======== Information supplied
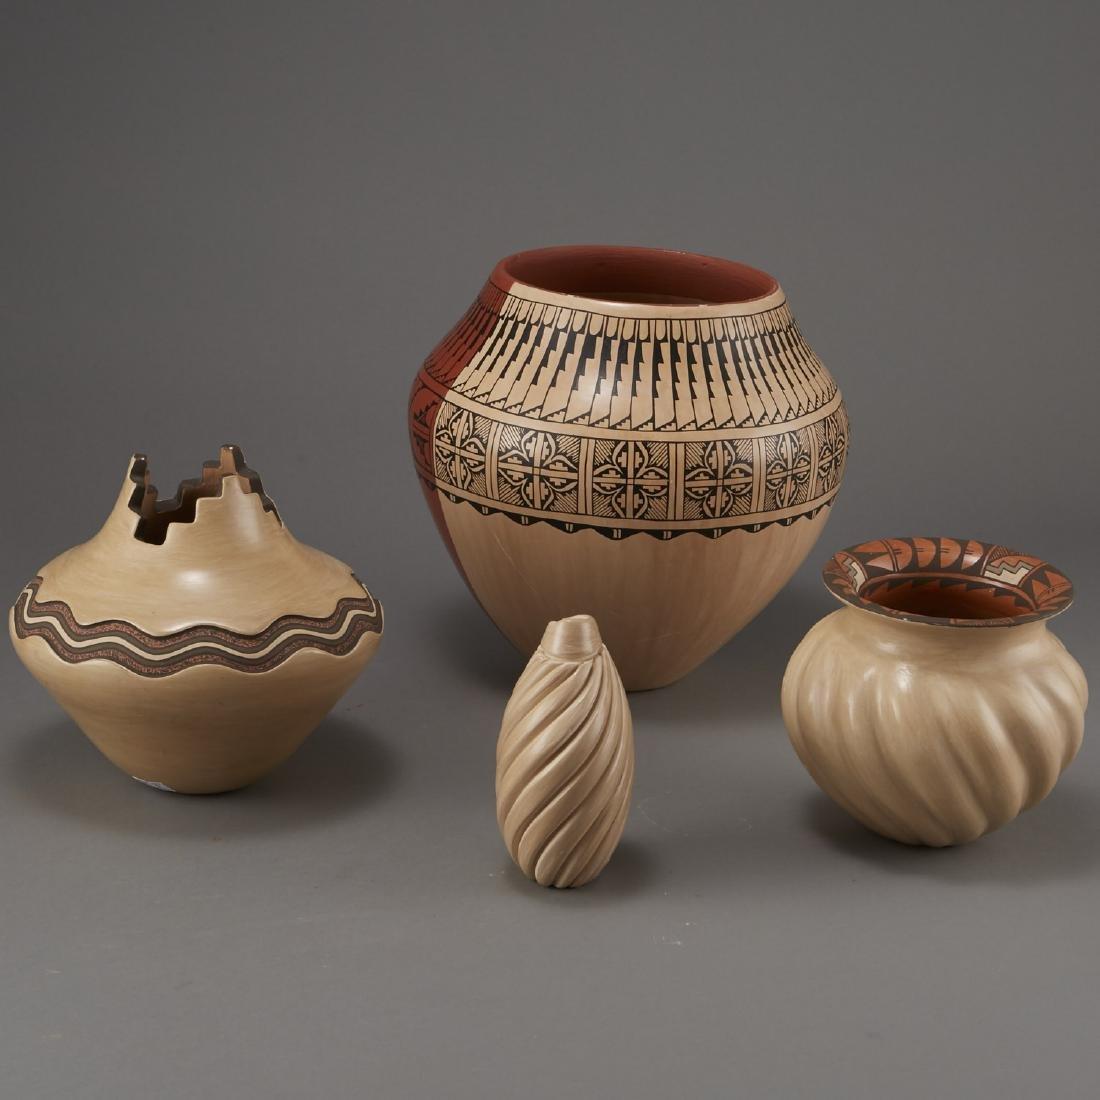 Group of Jemez Pottery Yepa and Fragua - 2
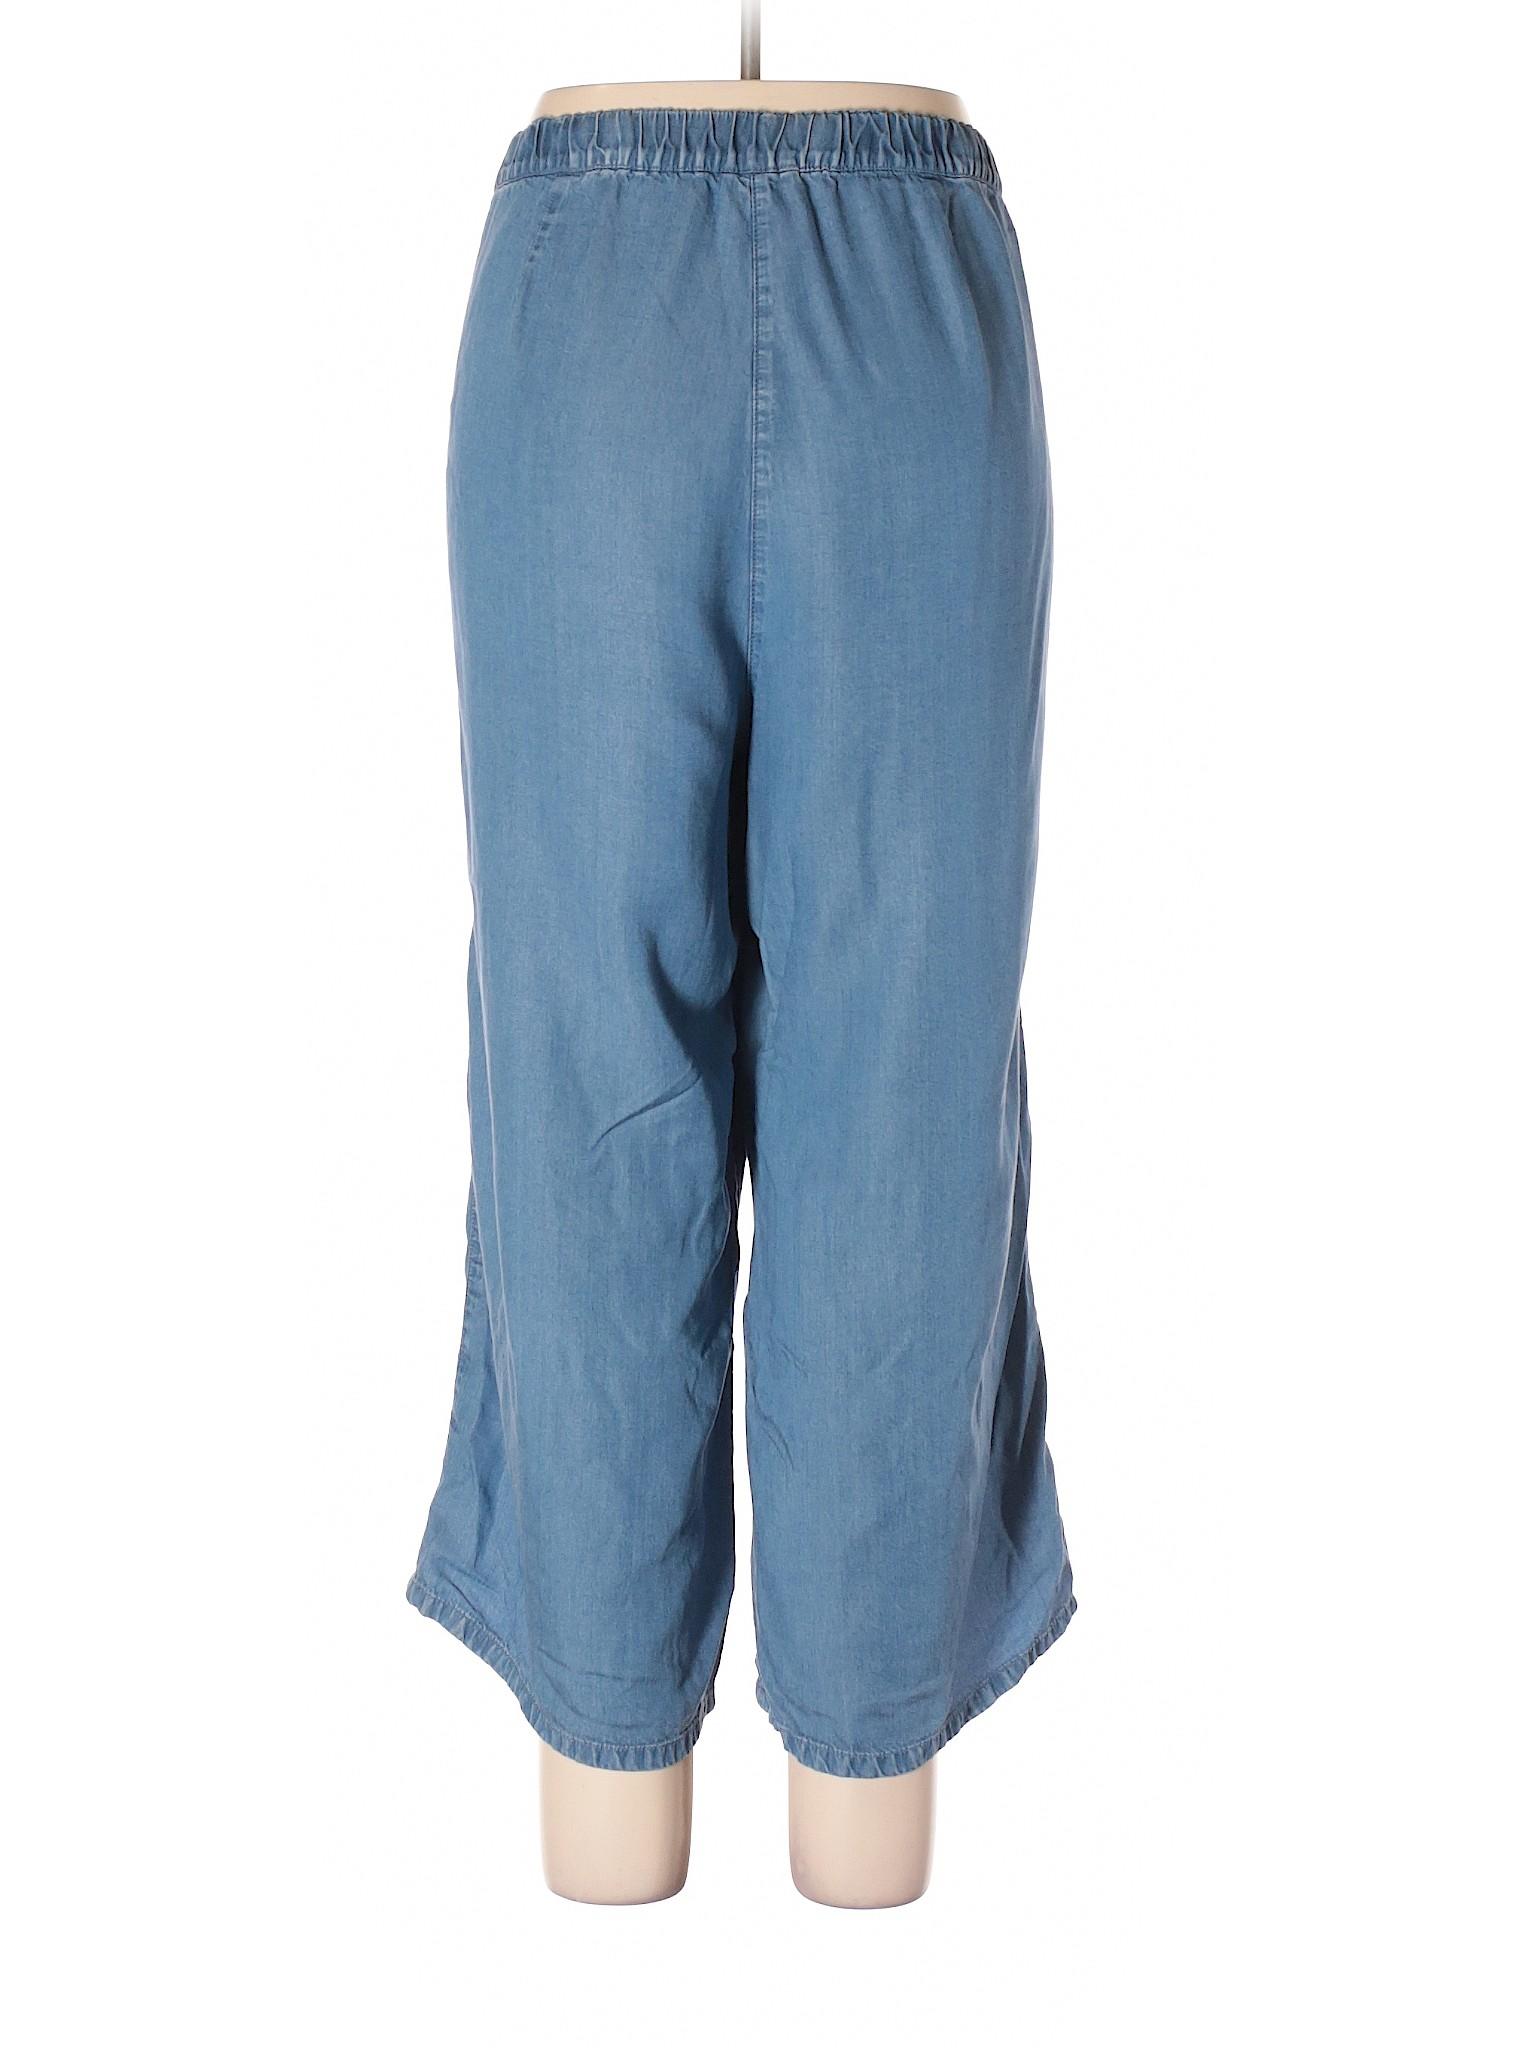 jill leisure J Pants Boutique Casual Egpqvw
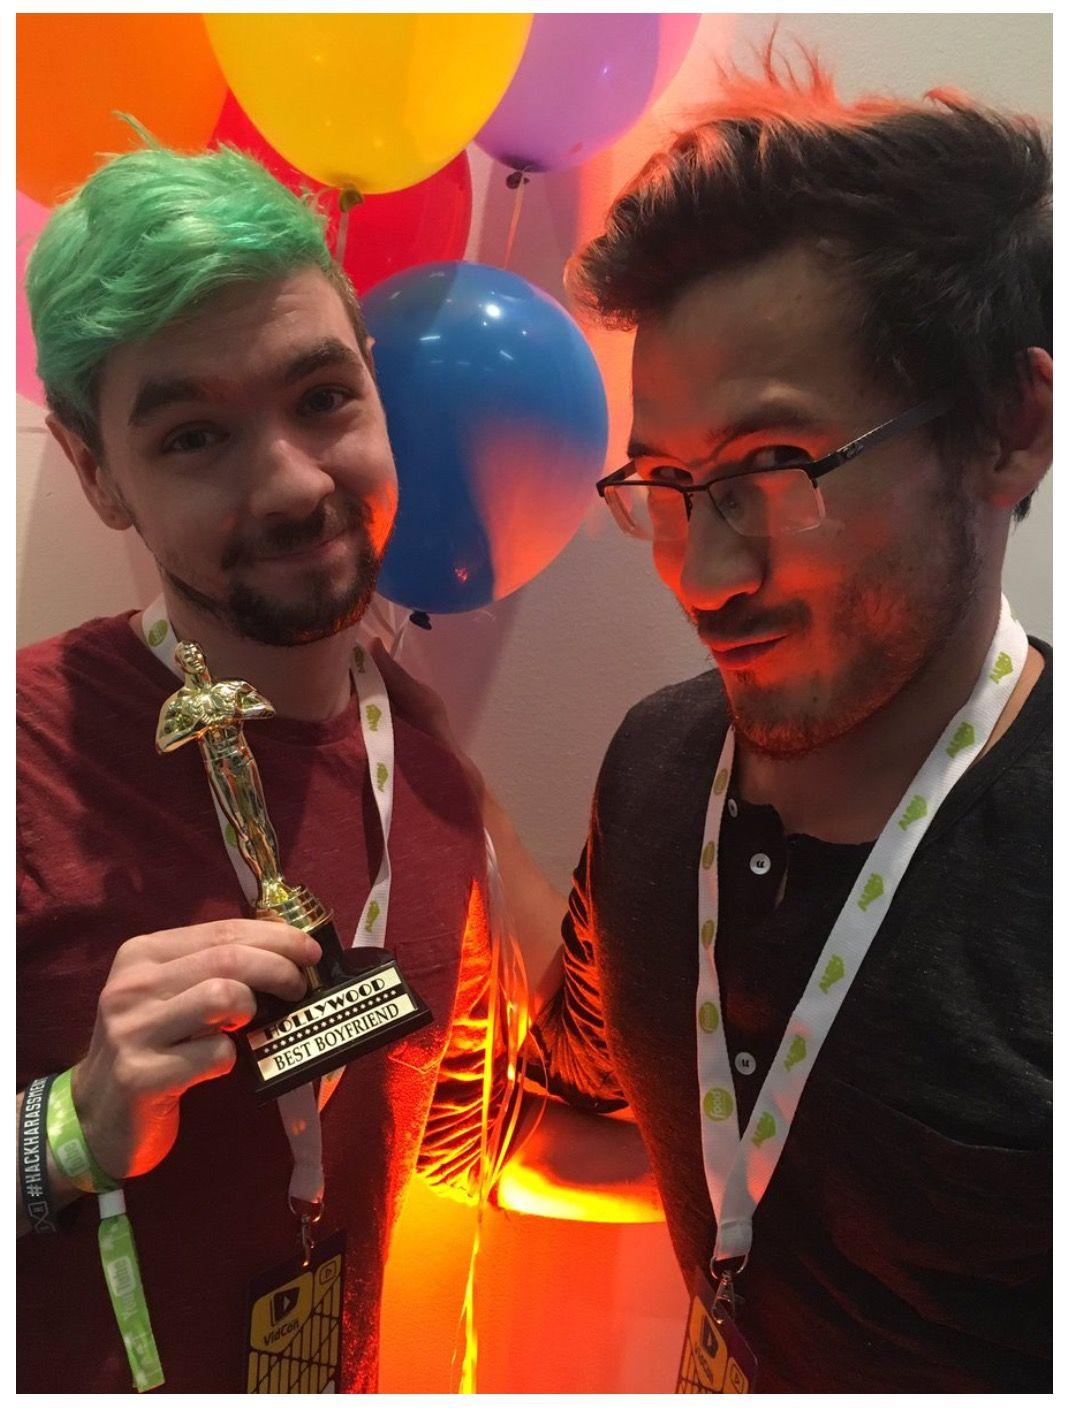 #Markiplier and #jacksepticeye  Awww jack won an award for best boyfriend at vidcon 2016 lol
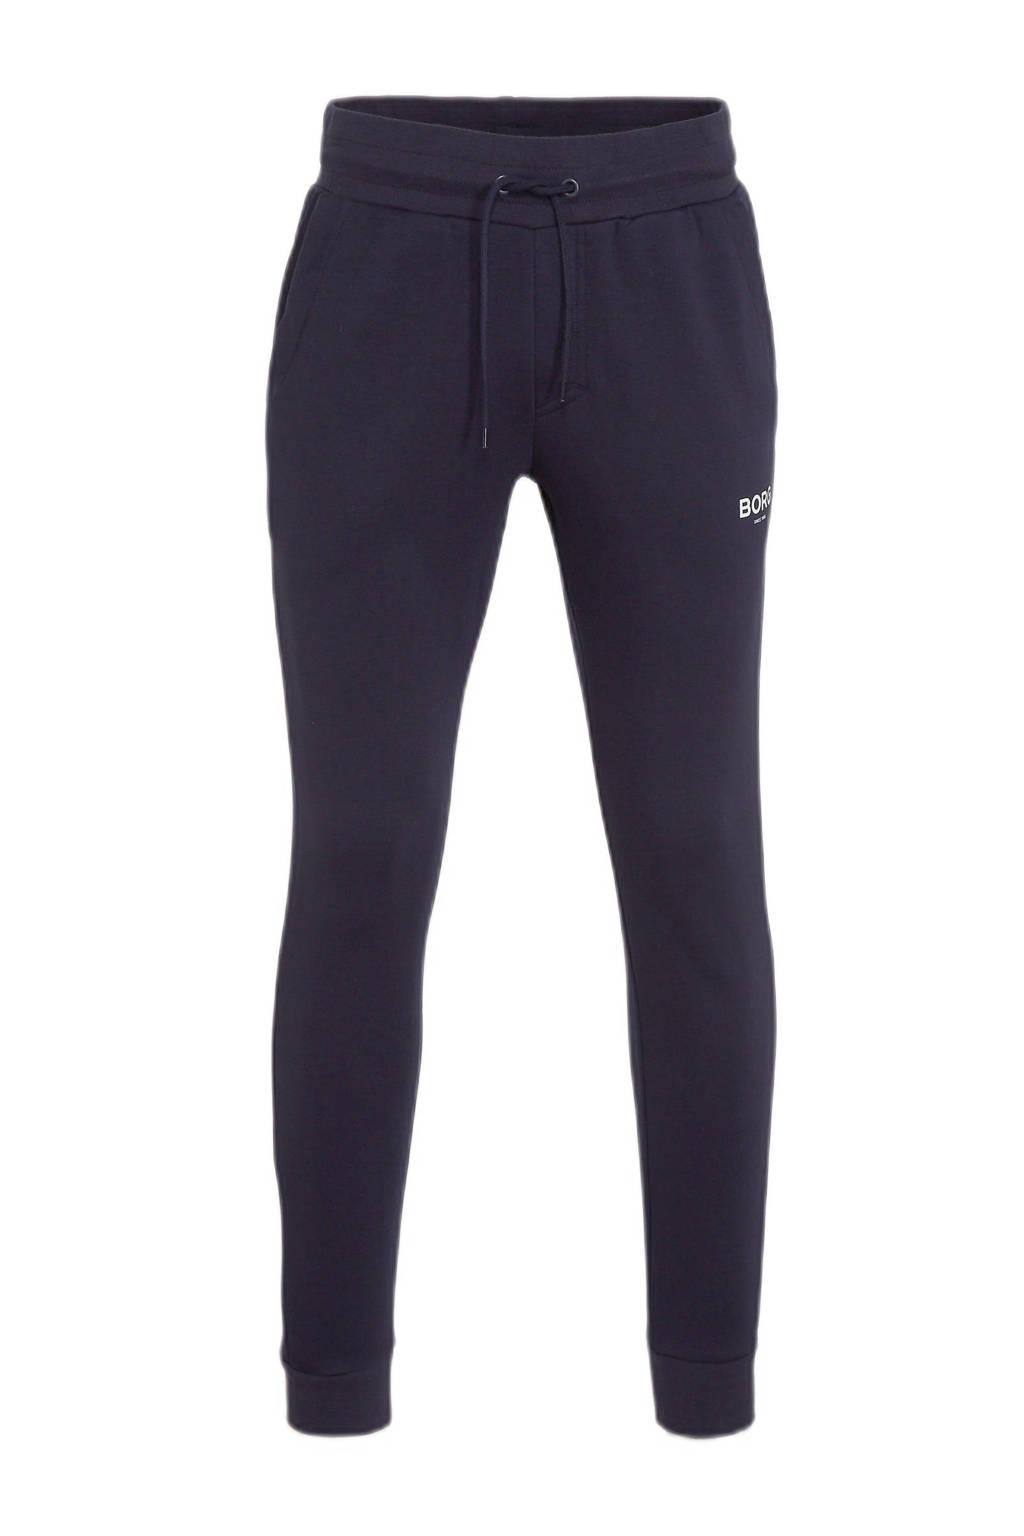 Björn Borg   joggingbroek donkerblauw, Donkerblauw
================
## Your assignment
The whole listing above must be duplicated word for word, apart from its pictures.

## Answer area
 Group of Jemez Pottery Yepa and Fragua - 2
 jill leisure J Pants Boutique Casual Egpqvw
 #Markiplier and #jacksepticeye  Awww jack won an award for best boyfriend at vidcon 2016 lol
 Björn Borg   joggingbroek donkerblauw, Donkerblauw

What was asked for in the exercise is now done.